Almost three years ago, ArcFusion started in my condo — just two founding engineers and me, building prototypes in stealth mode, trying to figure out what "Enterprise GenAI" would actually look like. At the time, nobody, including us, knew the answer.
Today, we are a team of over 20 people. But if you looked at our organizational chart, you wouldn't see the traditional pyramid. You'd see a diamond. We didn't set out to reinvent the corporate structure; rather, the technology forced our hand. As we scaled, we realized that the "tried and true" methods of building a tech company are fundamentally broken in the age of AI.
This article explores some of the changes and their impact on our organizational choices.
1. The "Broken Pact" and the Diamond-Shaped Team
In the pre-GenAI era, the "pact" between junior and senior engineers was simple:
- The Junior handled the repetitive, boring, and boilerplate work that seniors didn't want to do.
- The Senior provided coaching and mentorship in exchange for that labor.
That pact is now broken. In a GenAI-native workflow, the boring and repetitive work is being reduced, as AI does it in seconds. This means coaching a junior is no longer a "trade"; it's often a net-negative for a senior engineer because there is no grunt work for the junior to take off their plate.
Consequently, we've moved to a Diamond Shape. We've only hired three juniors since we started. Instead, we over-index on senior and lead engineers who possess the judgment and experience that AI can't replicate. We prioritize "hands-on" leadership where the person leading the team is just as likely to be in the codebase as they are in a client or product meeting.
2. The 1:15 Ratio: Engineering as Project Management
The industry standard used to be roughly one Project Manager (PM) for every five engineers. As engineers become more productive with AI, some argue you need more PMs to manage the increased output. We believe the opposite.
At ArcFusion, we operate with one PM for 15+ engineers. We've achieved this by expanding the role of the engineer. Because AI handles the bulk of the "syntax" and coding labor, our engineers have the mental bandwidth to own the project management and client communication themselves.
We have eliminated the handover cost. There is no "telephone game" where client requirements get lost moving from a PM to a dev. The person building the solution is the person who understands the problem. Strong project management skills are becoming more important for engineers to grow in their role at ArcFusion.
3. Killing the "Slick" Sales Model
Selling GenAI services is about trust and technical proof. I find it relatively easy to generate leads in this space — substantially easier compared to any other commercial role I've found myself in. Developing concrete proposals, however, is substantially more difficult compared to the average sales role.
We've found that classical sales skills are less relevant in this space. Our sales process typically takes the form of a deep-dive engineering exercise. We earmark a significant portion of our engineering time for pre-sales because the main way to win a contract is to:
- Understand the problem statement better than anybody else.

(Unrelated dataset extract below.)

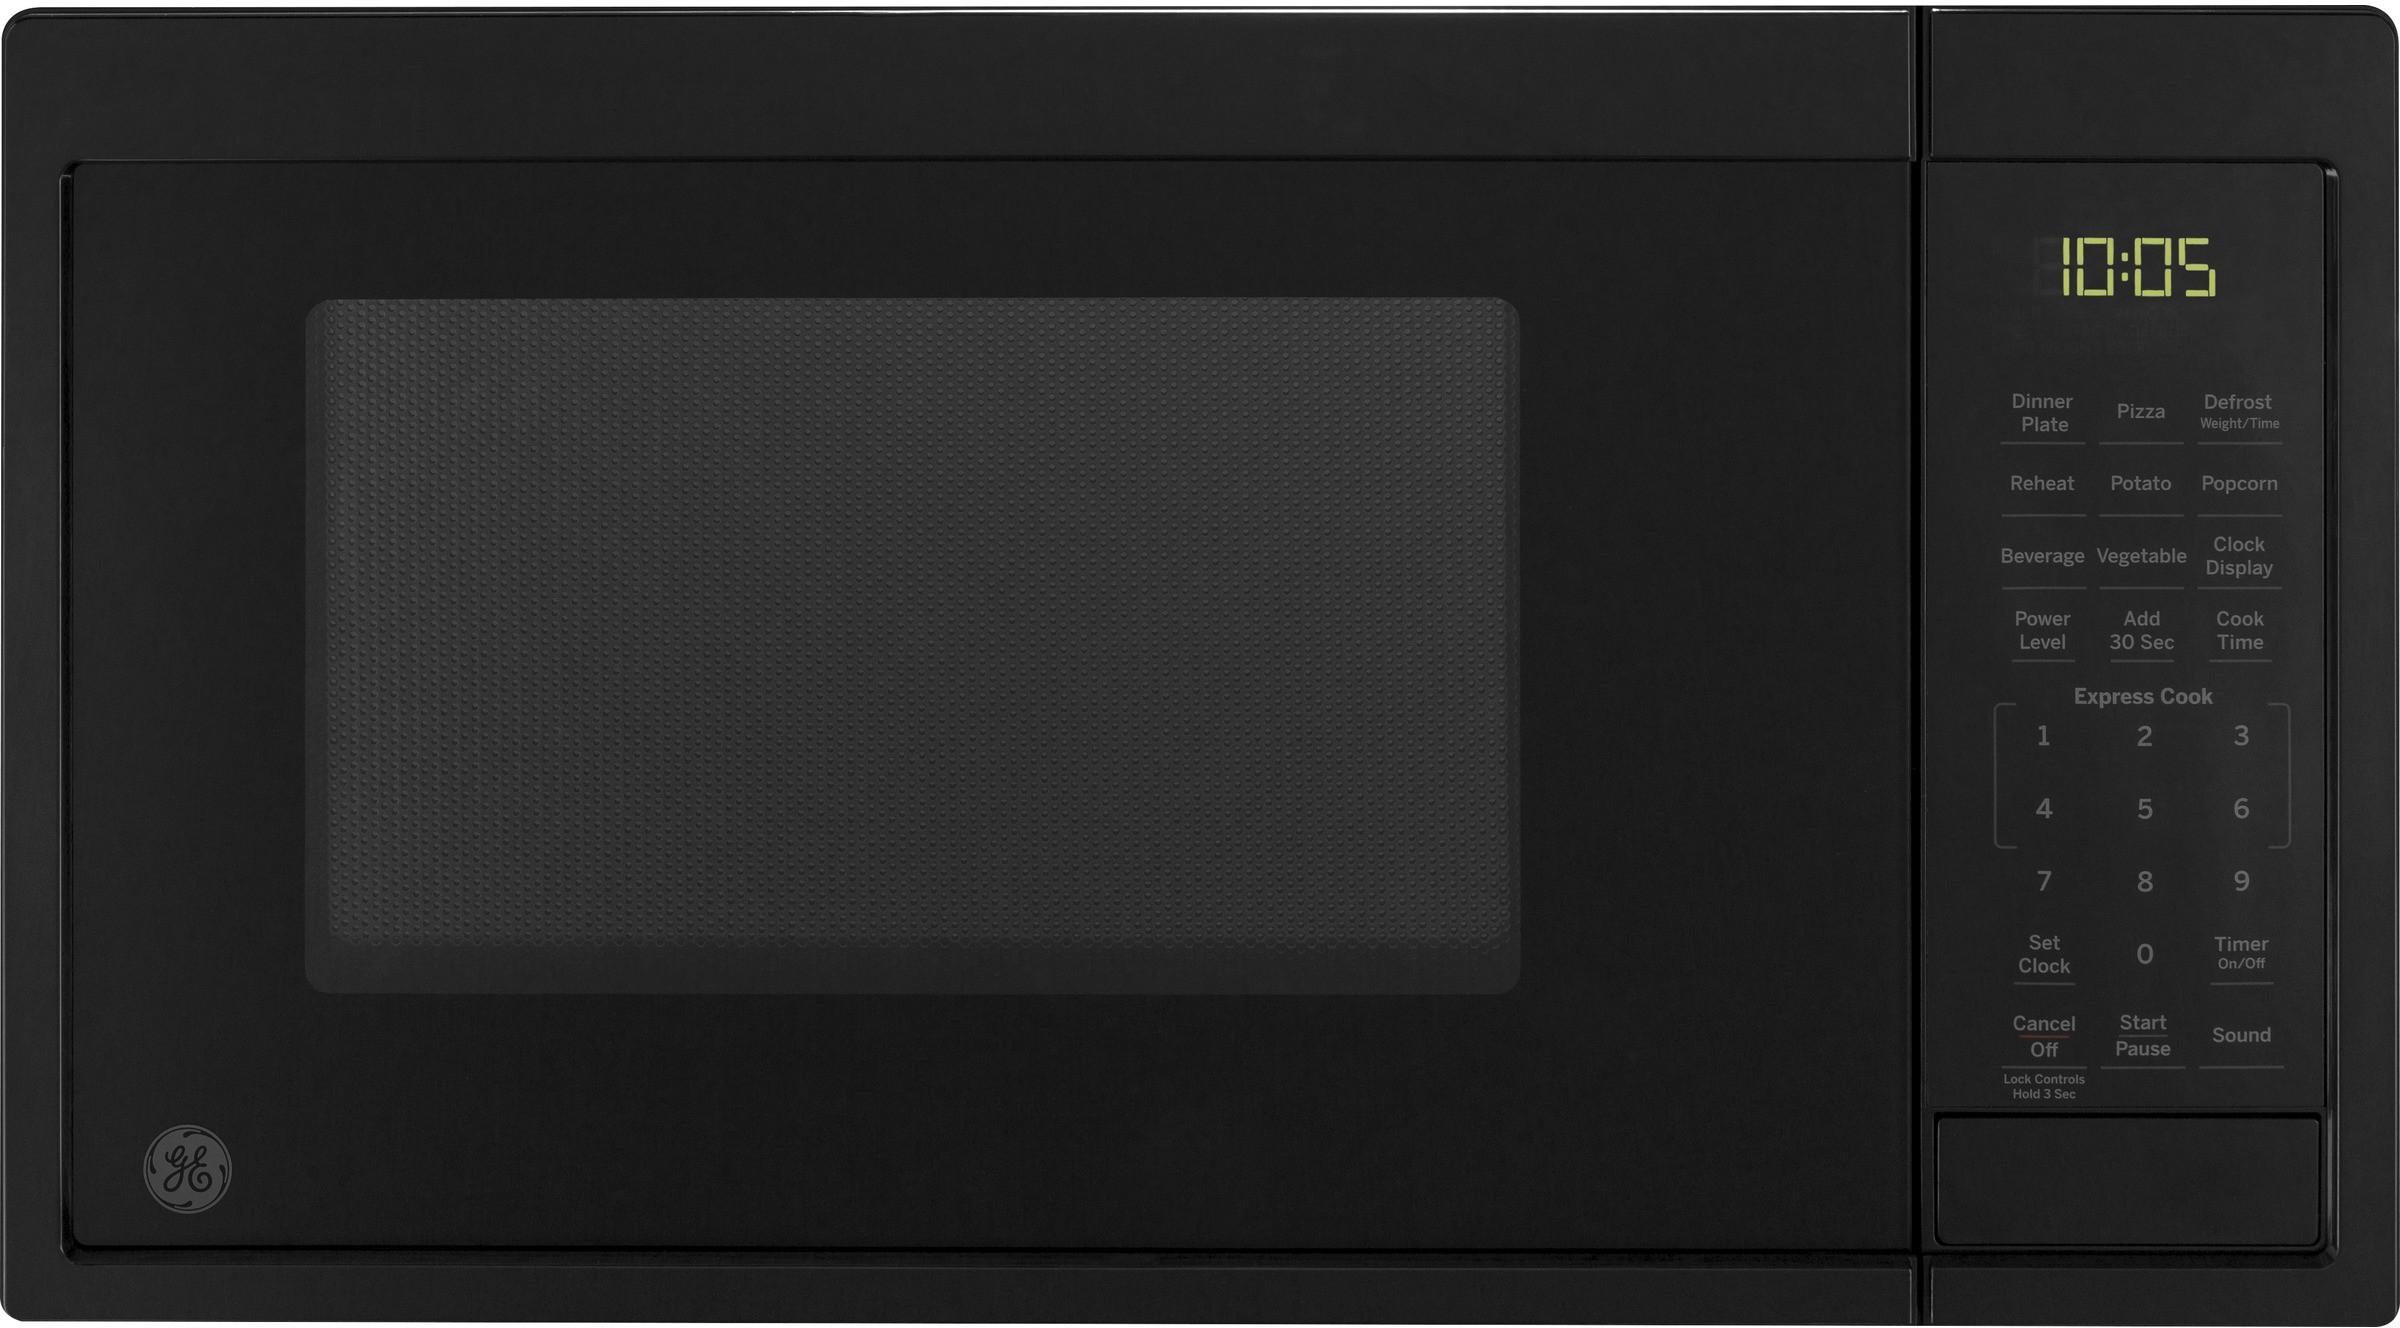 ge 0 9 cu ft countertop microwave oven

- Build a functional prototype that proves it works.
- Translate technical possibility into a meaningful proposal.
We don't need the usual sales skills — we need consultative engineers who can build as they develop clients.

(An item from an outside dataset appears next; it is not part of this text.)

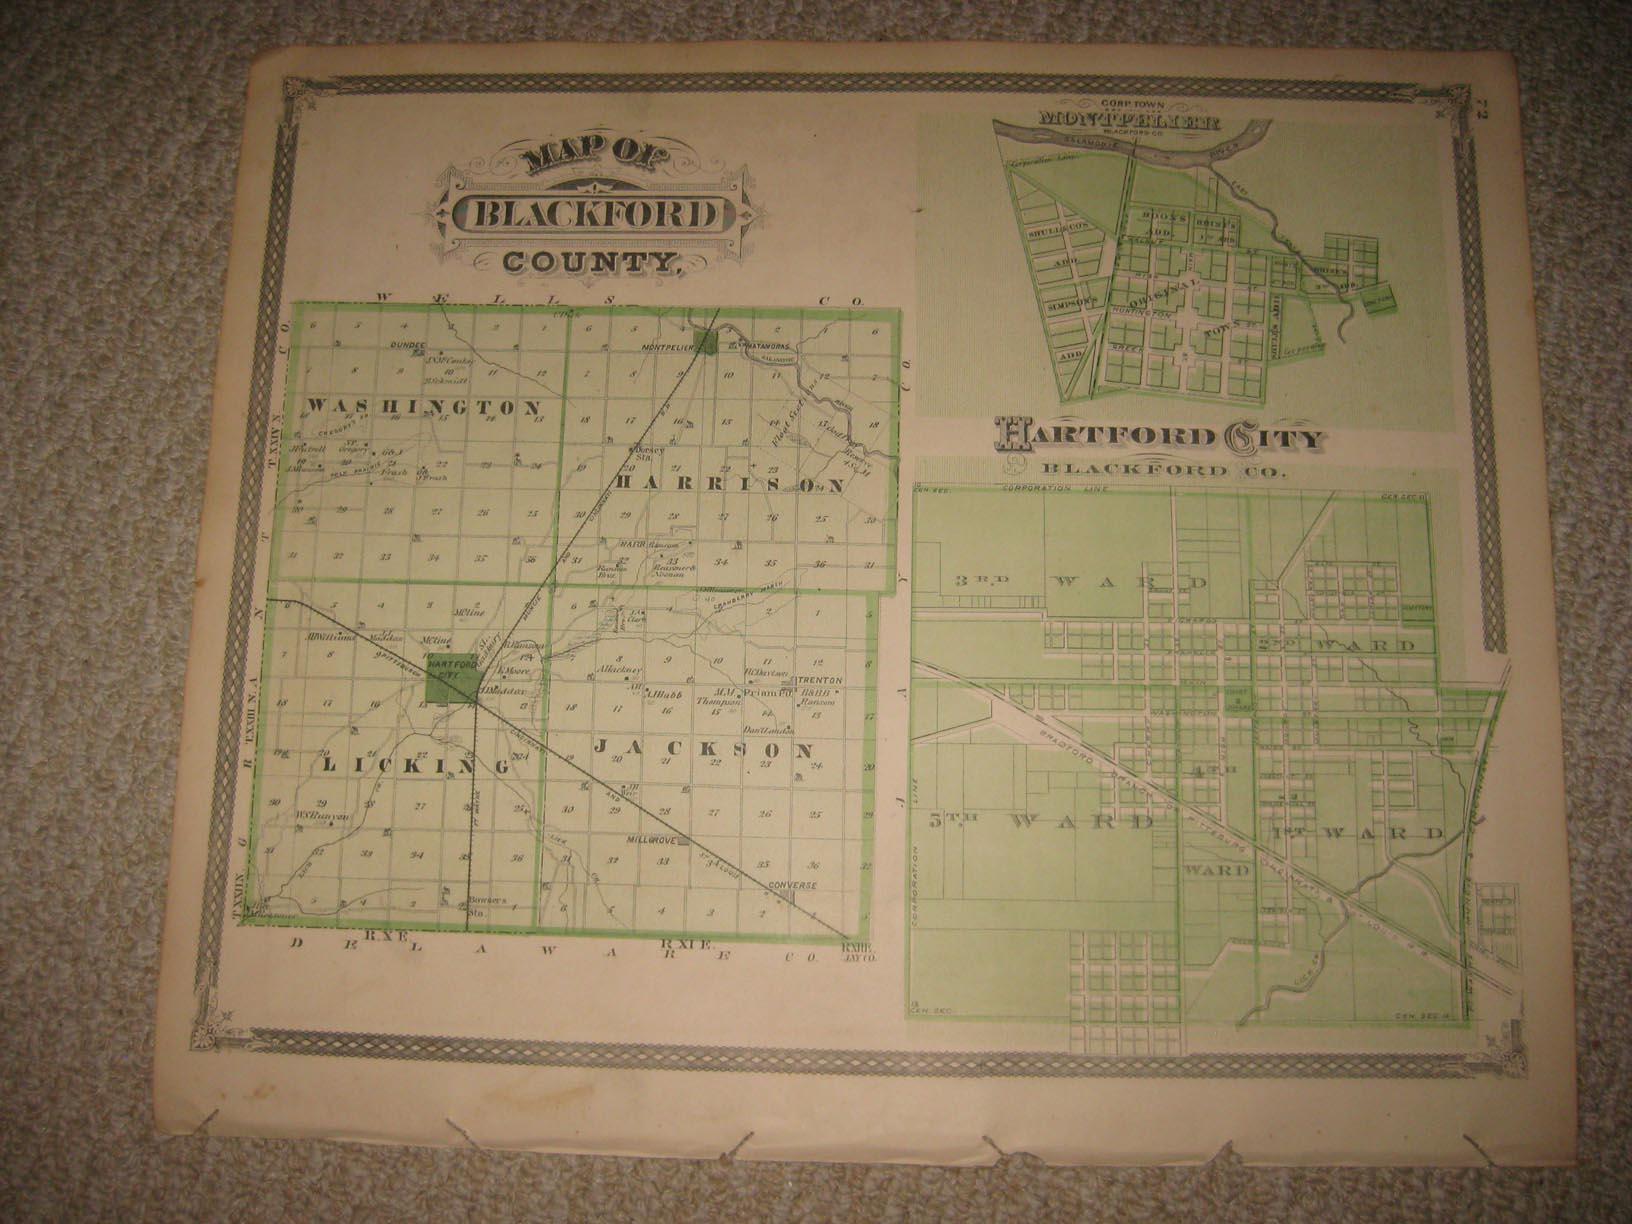 Fine Antique 1876 Blackford County Hartford City Montpelier Portland

4. The "Un-Org" Chart: Merit Over Boxes
I've always lived by a simple rule in organizational design: Postpone formal organizational structure as long as possible, but don't wait until it breaks.
Despite being 20+ people, we still don't have a formal "lines and boxes" hierarchy. Instead, we have an informal, highly fluid system based on merit and seniority. Because everyone is hands-on, the hierarchy is felt through expertise, not titles. This also makes the team more frictionless: without rigid silos, we can move people to where the most interesting (and difficult) problems are.
In Conclusion
Our model is a response to a world where the cost of doing — coding, coordinating, selling — is dropping, and the value of thinking — architecting, problem-solving, trust-building — is skyrocketing.
We are building a company to solve problems. And as it turns out, when you hire the right people and give them the right tools, you don't need a lot of boxes to keep them in. I like it this way.